2. The method according to claim 1, wherein the obtaining a panoramic area of each marking element in the spatial live-action map in response to obtaining at least two marking elements overlapping the same target medium image in the spatial live-action map comprises:

in response to at least two mark elements which are overlapped and added to the same target medium image in the space live-action image, outputting prompt information aiming at the at least two mark elements;

and acquiring panoramic areas corresponding to the at least two marking elements.

3. The method according to claim 2, wherein the outputting the hint information for the at least two marking elements in response to adding the at least two marking elements overlapping for the same target medium image in the spatial live-action map comprises:

displaying a first marking element for a target medium image in the space live-action figure in response to a marking instruction for the target medium image;

responding to the editing operation for the first mark element, and if a corresponding second mark element already exists in the target medium image and a spatial overlap occurs between the first mark element and the second mark element after or during the editing of the first mark element, outputting prompt information for the first mark element and the second mark element.

4. The method according to claim 3, wherein the outputting, in response to the editing operation for the first mark element, prompt information for the first mark element and the second mark element if a corresponding second mark element already exists in the target media image and a spatial overlap occurs between the first mark element and the second mark element after or during editing of the first mark element comprises:

responding to an editing operation for the first marking element, determining a first marking position of the first marking element according to the editing operation, and if the first marking position and a second marking position of a second marking element in the space live-action image are overlapped in space, outputting prompt information for the first marking element and the second marking element.

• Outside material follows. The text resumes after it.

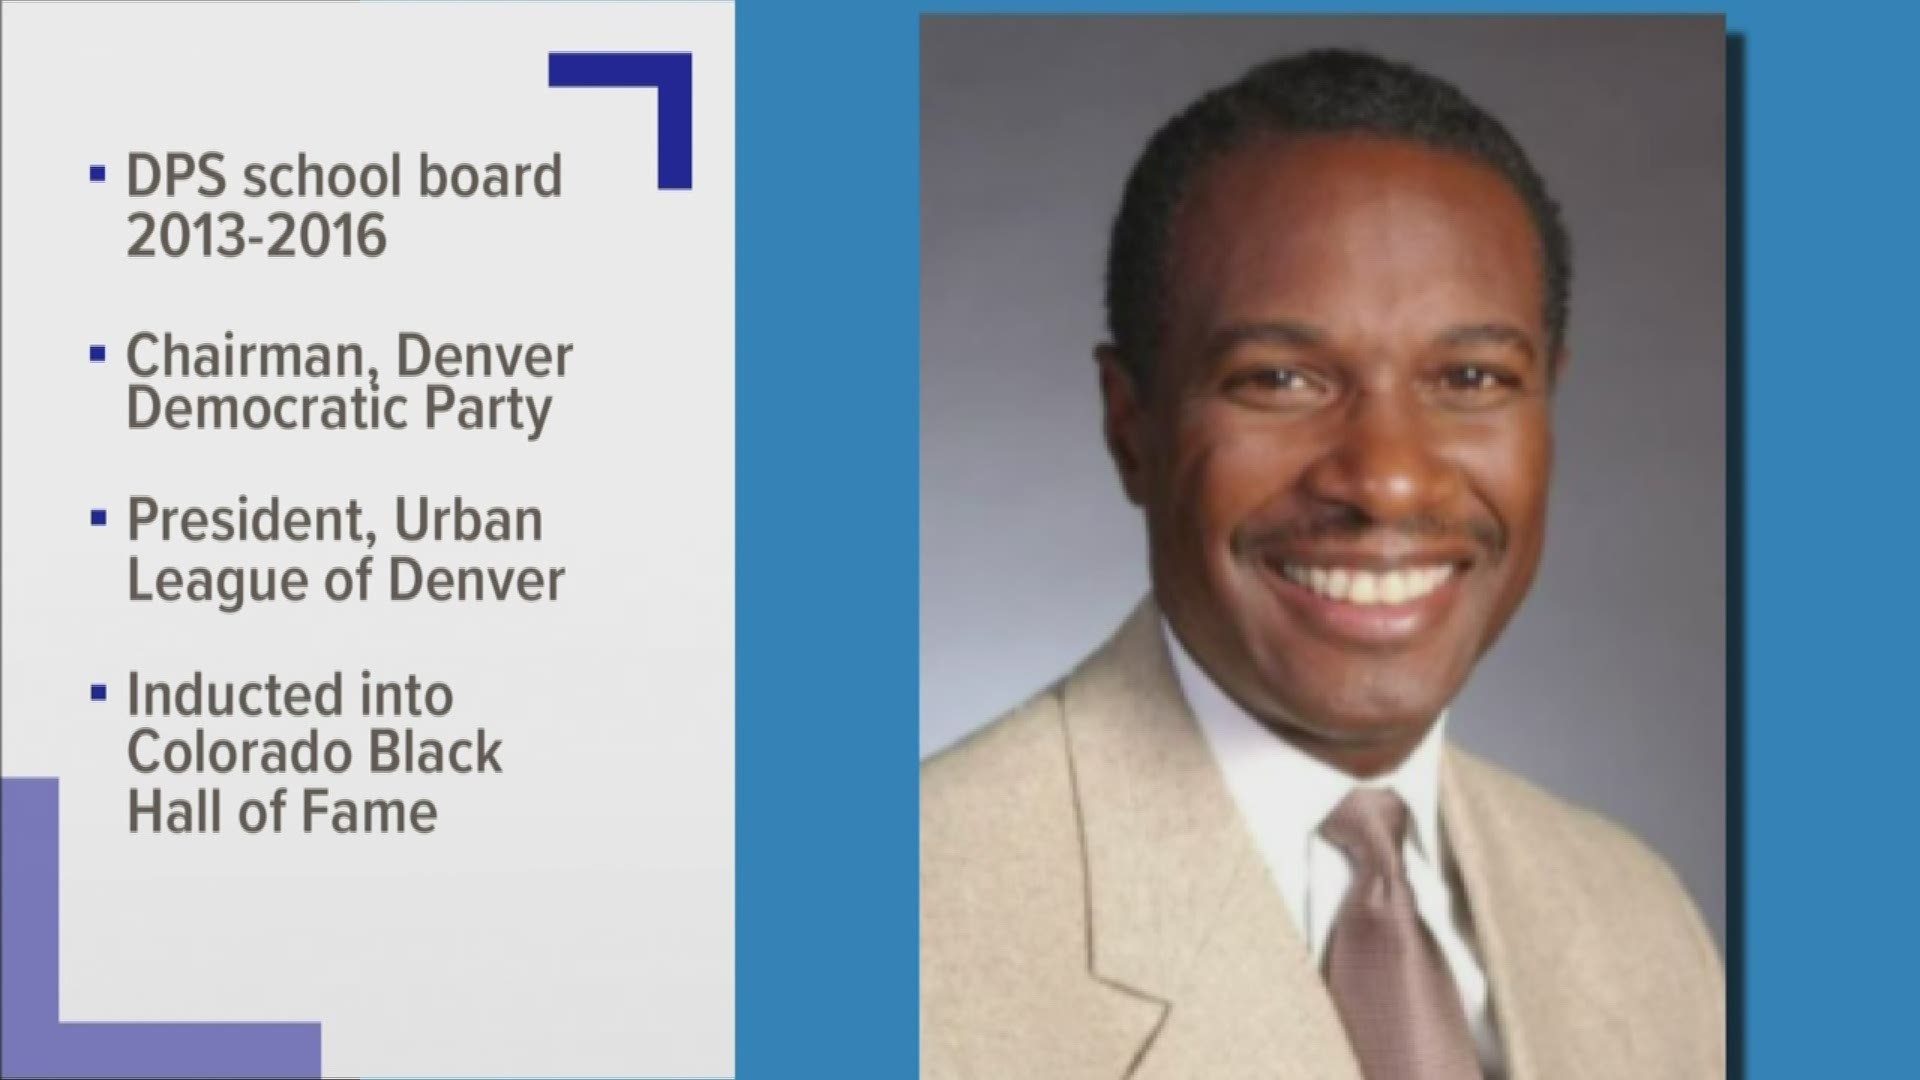 He fought for high-quality school choices especially in Montbello, Park Hill and Stapleton.

5. The method of claim 4, wherein the first marker position comprises a first coordinate of the first marker element in a panoramic coordinate system, and wherein outputting hinting information for a second marker element in the spatial live view if a spatial overlap occurs between the first marker position and a second marker position of the first marker element comprises:

acquiring second coordinates of second mark elements in the space live-action image except the first mark elements in the panoramic coordinate system;

and taking a second mark element to which a second coordinate overlapped with the first coordinate belongs and the first mark element as abnormal mark elements, and outputting prompt information aiming at the abnormal mark elements.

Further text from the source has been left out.